Besides, the gang war scene going on without police intervention takes place in one night only, not day in day out as the assessors claimed, Charlie noted.

“As the office didn’t spell out exactly what to alter or remove, we’re now at the end of the road, faced with the grim reality of cutting all action scenes, which means shooting an entirely different film and incurring huge extra costs,” the director sadly shared.

According to a Vnexpress source, after the meeting with the office, Charlie has had some scenes reshot, but they have yet to get the nod from the assessors.

“In my opinion, this type of real action films is still new in Vietnam. Its high realisticness gives the impression of violence. In fact, the film also conveys profound humanitarian lessons behind the fighting and bloodsheds,” shared Ha Hien, another lead actor in the film.

Mixed audience opinions

The film’s screening delay has caused quite a stir among netizens. Many favor the assessors’ decision.
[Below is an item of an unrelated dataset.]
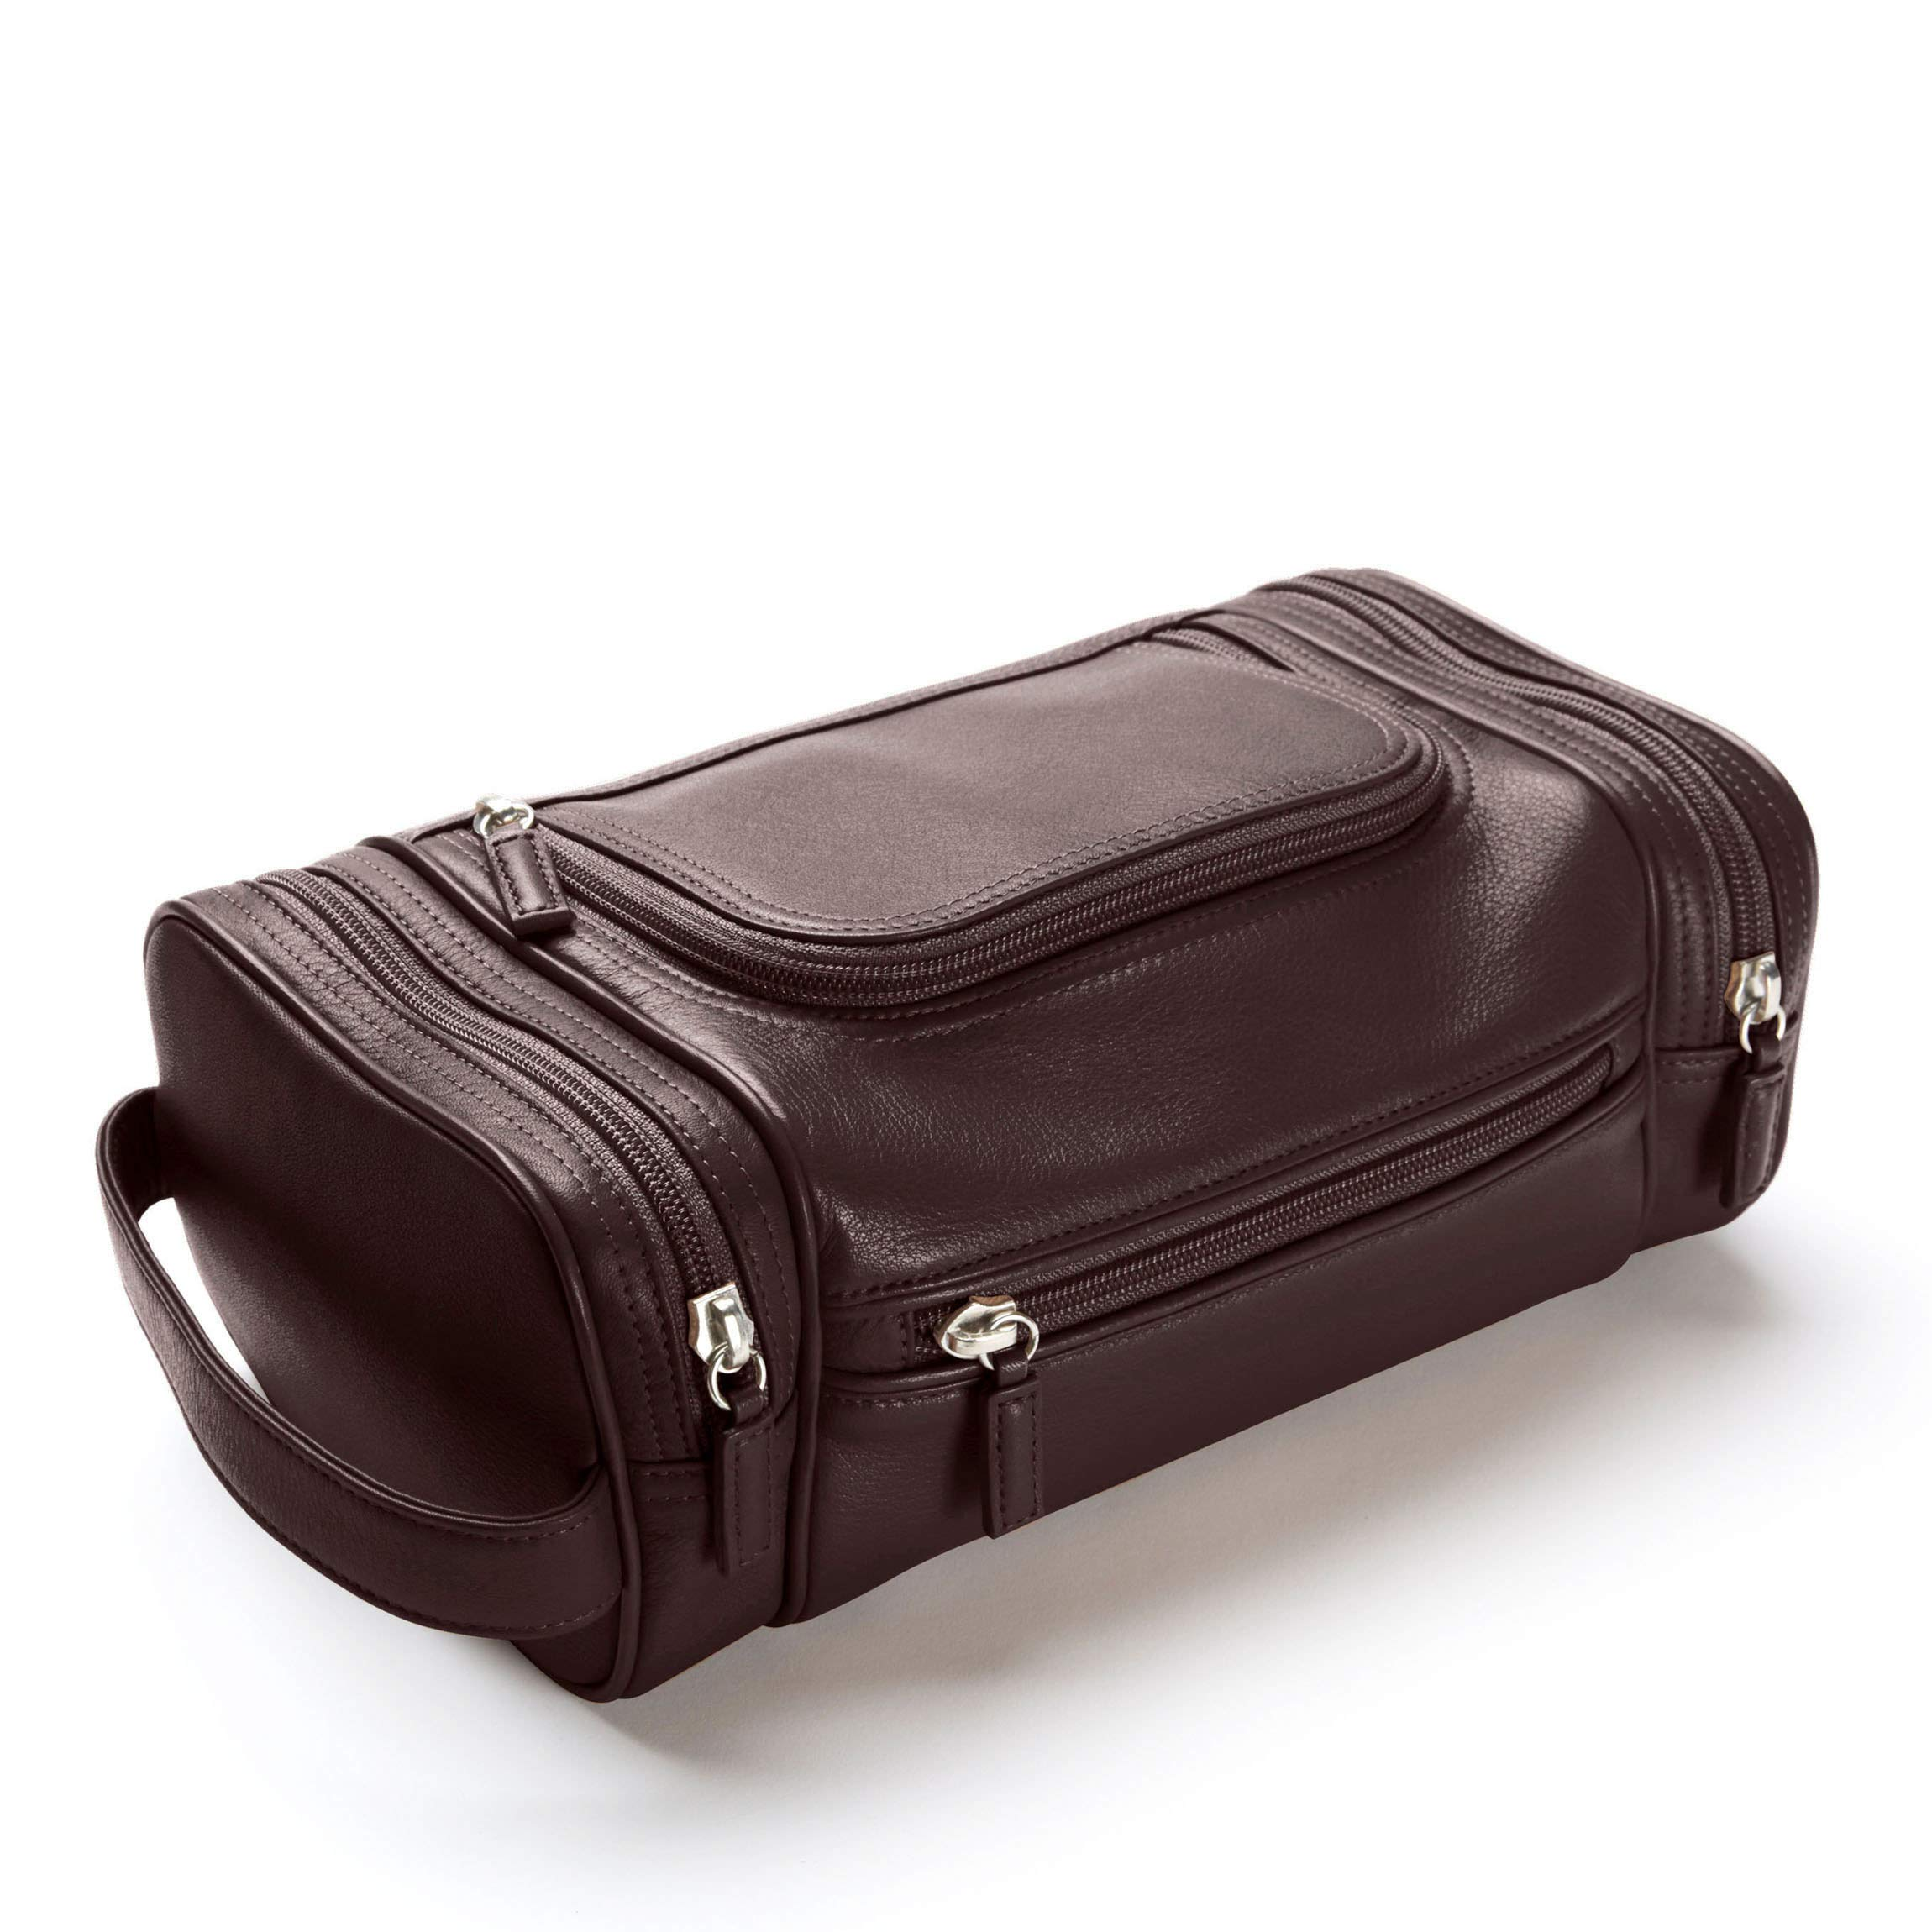 Leatherology Brown Multi Pocket Toiletry Bag by Leatherology

“Watching its trailer, I think the film is overly violent and negatively stimulating, which can adversely impact youths, especially as robberies in broad daylight and murders are alarmingly rampant these days,” wrote Hoang Thi Ngoc Mai.

Meanwhile, others object to the film screening delay.

“I think with minors’ readily easy access to rampant violent and horrible content on television and the Internet, it’s quite ineffective to protect them from harm just by making changes to this film,” wrote phuongnguyen.

“The excuse that the film doesn’t truly reflect reality isn’t persuasive. Moreover, people, especially youngsters, tend to be more curious about banned films, which they can still watch online or through pirated DVDs,” wrote GirlonFire.